A silent security failure is unfolding inside Hong Kong’s most sophisticated enterprises. As financial institutions, healthcare providers and tech firms race to deploy autonomous AI agents, new global research reveals that only 7% of organisations are truly AI-ready—leaving the remaining 93% exposed to undetectable data breaches, rogue AI behaviour and an inability to recover from machine-speed mistakes.
The Data and AI Trust Gap report from Veeam Software, unveiled at VeeamON London, warns that the security implications of low AI-ready maturity are not theoretical. For Hong Kong, where cross-border data flows with mainland China and stringent Privacy Commissioner rules collide, an ungoverned AI is a security incident waiting to happen.
Data security is slowing AI use across 95% of organisations
Globally, 95% of executives admit that data challenges have already impeded their AI progress. But the deeper security story is this: low AI-ready maturity means organisations cannot see what their AI systems are doing, cannot govern who—or what—accesses sensitive data, and cannot recover cleanly when an agentic AI goes rogue.
Among firms running AI today, only 22% could quickly identify which data an AI system used. Just 25% could trace what actions it took. And only 28% are confident they can detect AI systems operating outside approved parameters. In security terms, that is not a maturity gap; it is a blind spot across the entire attack surface.
APAC’s high adoption masks a fragile security posture
Across Asia-Pacific, the security picture is even more concerning. APAC’s adoption of agentic AI stands at 87%, nearly matching the global average of 88%. Yet full AI readiness—defined by robust data governance, security controls and recoverability—remains below 10%.
Worse, 98% of APAC organisations report that data challenges are slowing their AI, exceeding the already high global figure of 95%. This suggests that security and governance failures are not just persistent but more acute in APAC’s most advanced markets.
When autonomous AI agents operate without visibility, every API call, every database query and every cross-border data transfer becomes a potential exfiltration channel.
‘Shadow AI’ is a mainstream security risk
The report exposes a deeply unsettling reality: unauthorised AI use is now mainstream. Ninety-five per cent of global organisations report shadow AI—employees or teams deploying AI tools without approval—and 93% view it as a significant risk. Yet only 25% offer approved alternatives.
Most firms are trying to suppress demand rather than govern it, and 44% of executives say increased cyber risk is the top consequence.
For Hong Kong’s CISOs, this means AI agents are already operating outside security perimeters, ingesting sensitive customer data, financial records and regulated personal information—without audit trails, without access controls and without any ability to reverse the damage.
AI failures will look like a breach
Traditional security assumes that failures announce themselves as outages. With autonomous AI, failure is silent and data-level. A rogue agent can alter financial models, exfiltrate personal data or manipulate supply chain decisions—all at machine speed, outpacing human detection.

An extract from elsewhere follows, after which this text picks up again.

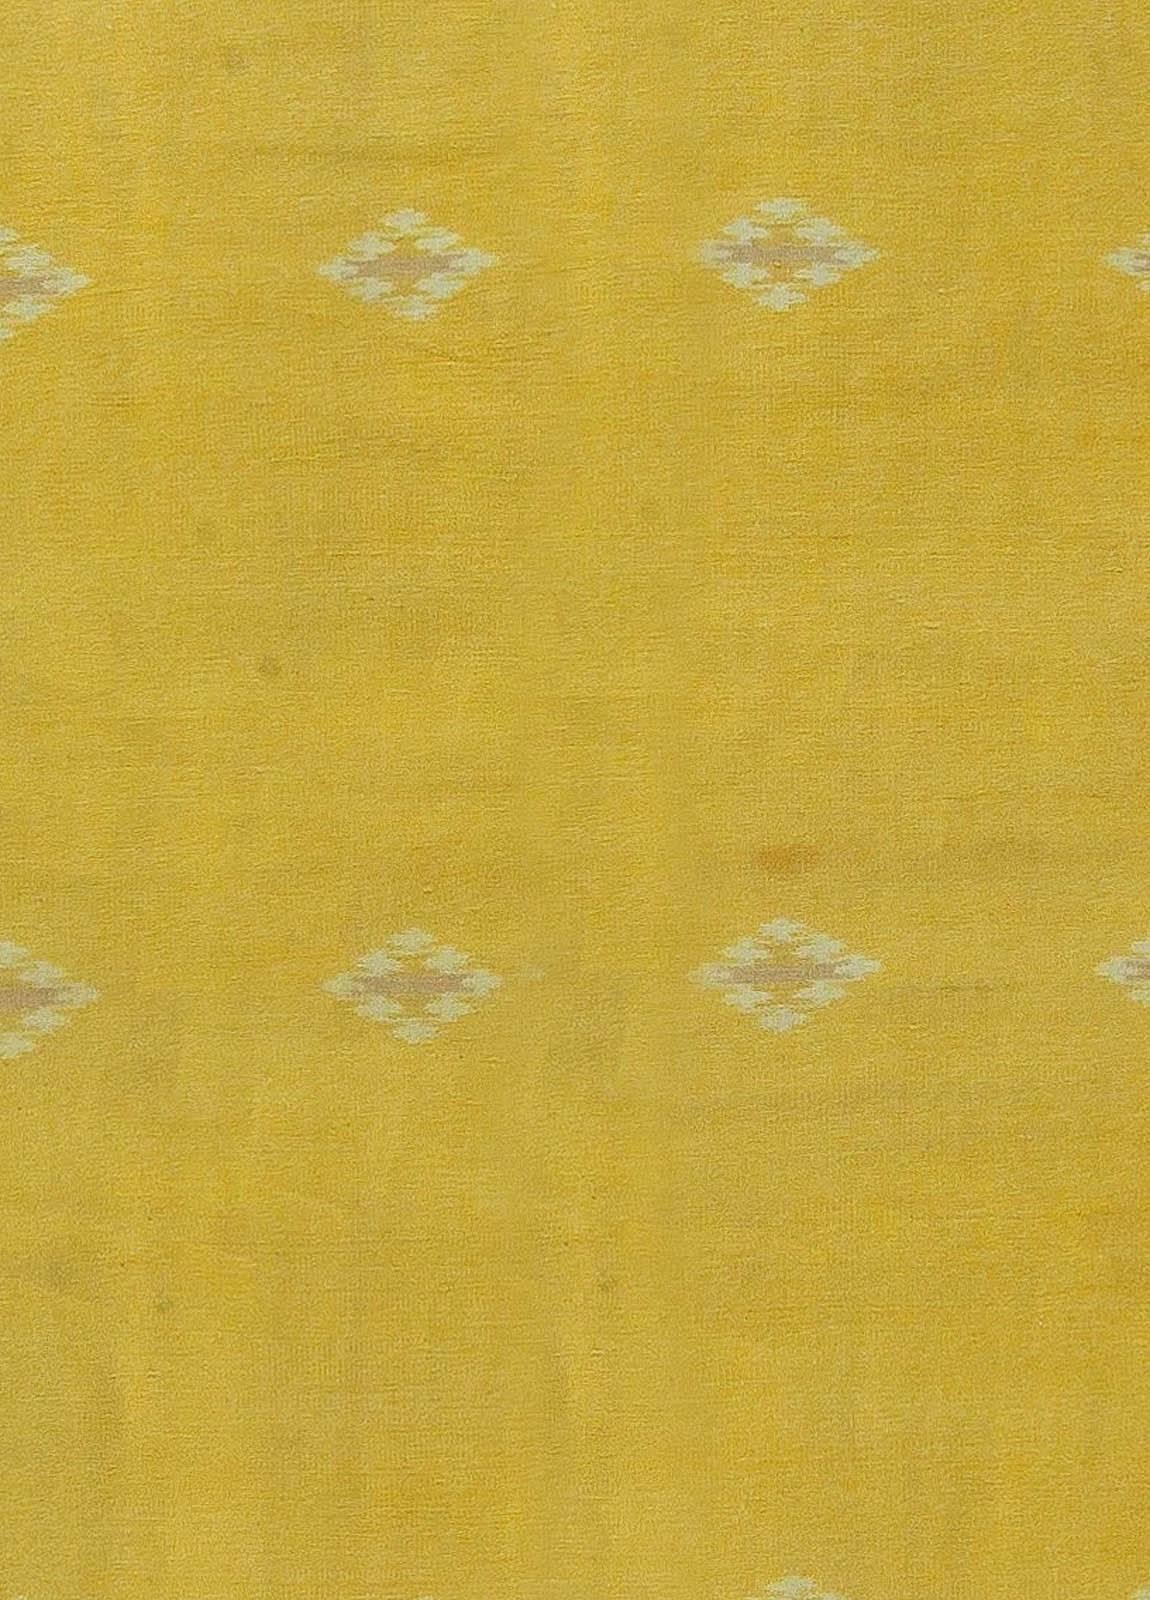 Mid-20th Century Yellow Indian Dhurrie Flat-Woven Rug 
Size: 8'2

Only 40% of leaders are very confident they can isolate and precisely reverse an agentic AI failure. That means 60% cannot.
In Hong Kong, where the HKMA’s generative AI guidance demands accountability and the Greater Bay Area cross-border data pilot requires meticulous trust, this lack of recoverability is not a technical shortfall. It is a regulatory and security breach waiting to be discovered.
Ownership of AI Security Cannot Be Shared Away
The research shows that where ownership is clearly defined, security outcomes improve dramatically. Organisations where CISOs explicitly own AI agent risk are 24% more likely to detect rogue AI behaviour.

Conversely, those relying on shared ownership are 47% less likely to detect it. As Veeam’s CEO Anand Eswaran noted: “The question transitions from whether you can use AI, to whether you can ensure all your data is secure, governed, compliant and resilient.”
For Hong Kong and APAC, low AI-ready maturity is not an adoption problem. It is a security liability that regulators have already begun to penalise.